To overcome on-target, off-tumor toxicity, LabGenius designs antibodies that act like biological computers. These molecules "sample" the density of target receptors on a cell's surface and are engineered to activate and kill only when a specific threshold is met, distinguishing high-expression cancer cells from low-expression healthy cells.
While personalized cancer vaccines require extracting and processing a patient's tumor, Create Medicines' in vivo approach is entirely off-the-shelf. By delivering the programming directly into the body, they enable the patient's own immune system to do the complex, personalized work of attacking the cancer itself.
While complex gene editing may be challenging in vivo, Colonia's platform presents a novel opportunity: targeting different immune cell types (e.g., T-cells and NK cells) with distinct payloads in a single treatment. This could create synergistic, multi-pronged attacks on tumors, a paradigm distinct from current ex vivo methods which focus on engineering a single cell type.

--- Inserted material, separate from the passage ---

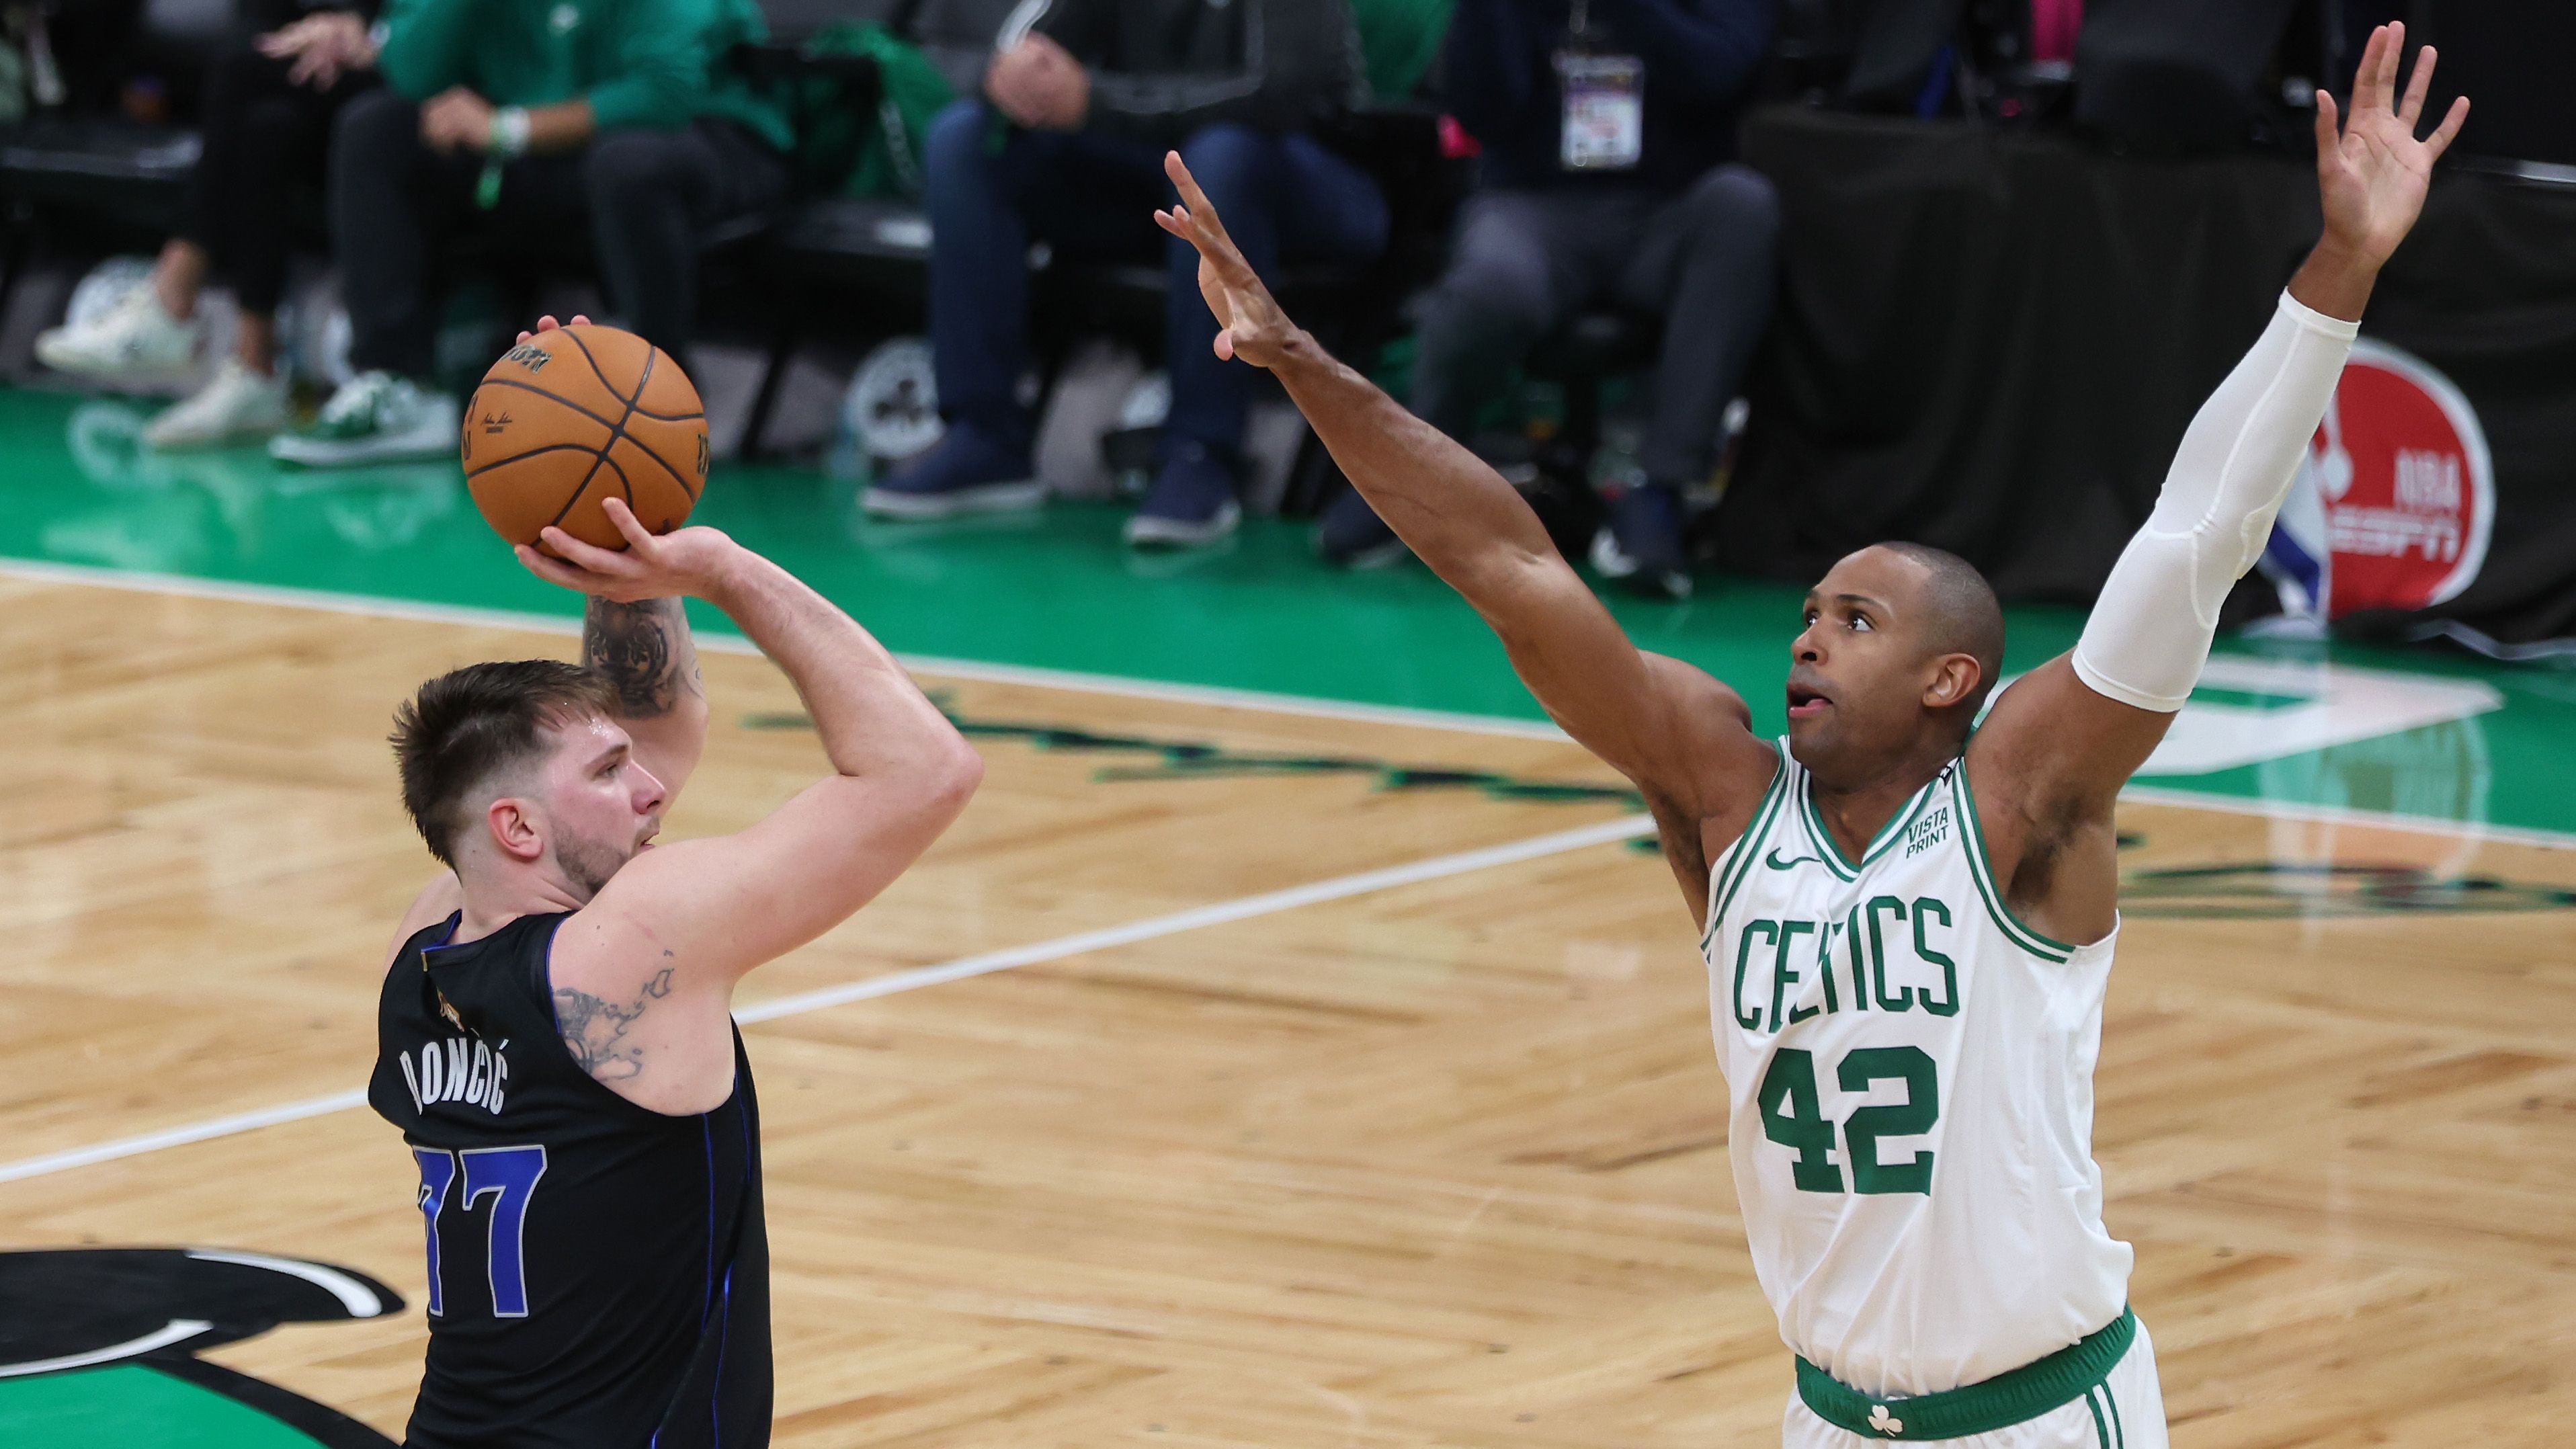 Defensiv zeigte Horford in den Playoffs, dass er nicht die prophezeite Schwachstelle der Celtics-Defense ist. Ob als Help-Defender oder in einem direkten Matchup - er ist stets zur Stelle, wenn er gebraucht wird. Offensiv dehnt er zudem das Spielfeld und schafft so Platz in der Zone für seine Mitspieler.
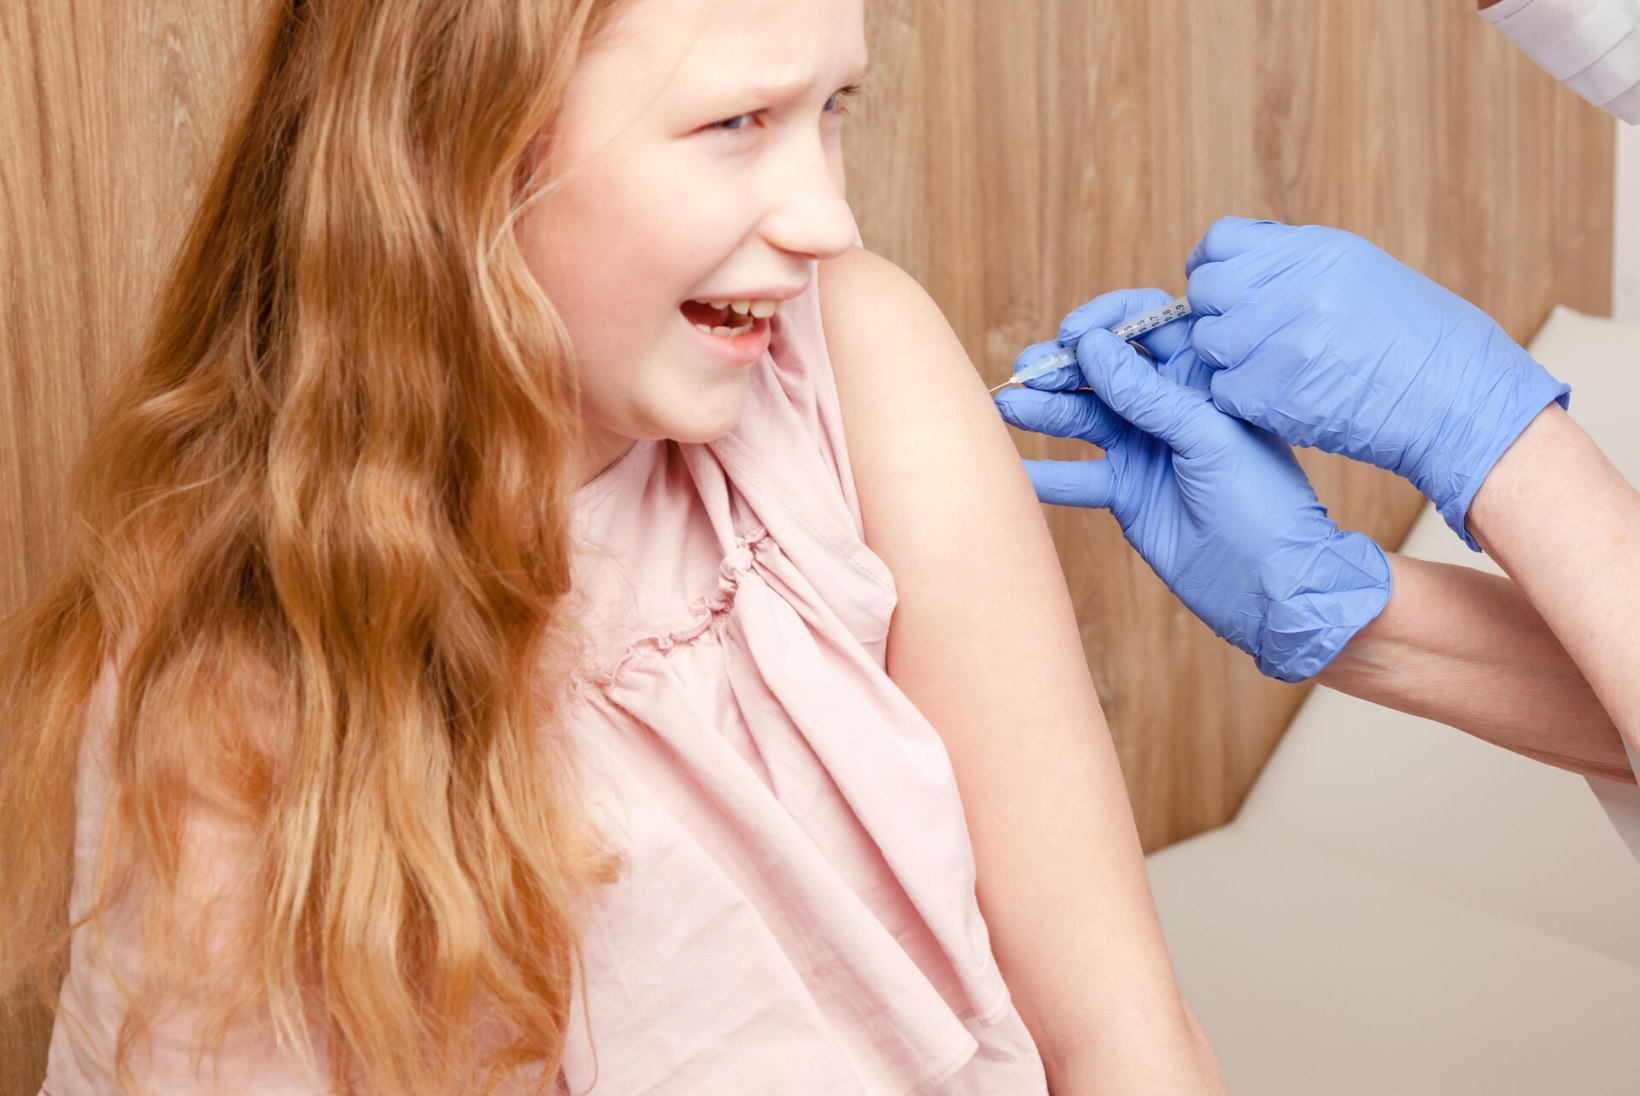 MURELIK LAPSEVANEM: „Viiksin teismelise tütre kohe vaktsineerima, kui oleks rohkem infot. Kas see on ikka ohutu?“

Accession's second product is a bispecific antibody that binds to all cancer cells. While this would be dangerously toxic if delivered systemically, their targeted virus delivery system ensures it is only produced inside the tumor. This strategy makes previously "undruggable" therapeutic concepts viable.
A key innovation in Sana's diabetes cell therapy is overcoming the dual immune response. While knocking out MHC expression hides cells from the adaptive system (T-cells), this triggers an attack from the innate system (NK cells). Sana's solution is to overexpress CD47, effectively creating a "don't kill me" signal for both.
Voyager CEO Al Sandrock explains their AAV capsids are engineered to be so potent at crossing the blood-brain barrier that doses can be an order of magnitude lower than standard. Crucially, the capsids are also designed to *avoid* the liver, directly addressing the toxicity issues that have plagued the field.
Create Medicines chose LNP-delivered RNA for its in vivo platform to give physicians control. Unlike permanent lentiviral approaches, repeatable dosing allows for adapting to tumor antigen escape and managing durability and safety over time. This flexibility is a core strategic advantage for complex diseases like solid tumors.
Beyond transient RNA, Create has developed a unique retrotransposon based on the human Line-1 element. This technology allows for stable, scarless gene delivery using only RNA, providing an option for durable expression (e.g., for CD19 CAR-T) alongside their transient approaches, creating a highly versatile platform.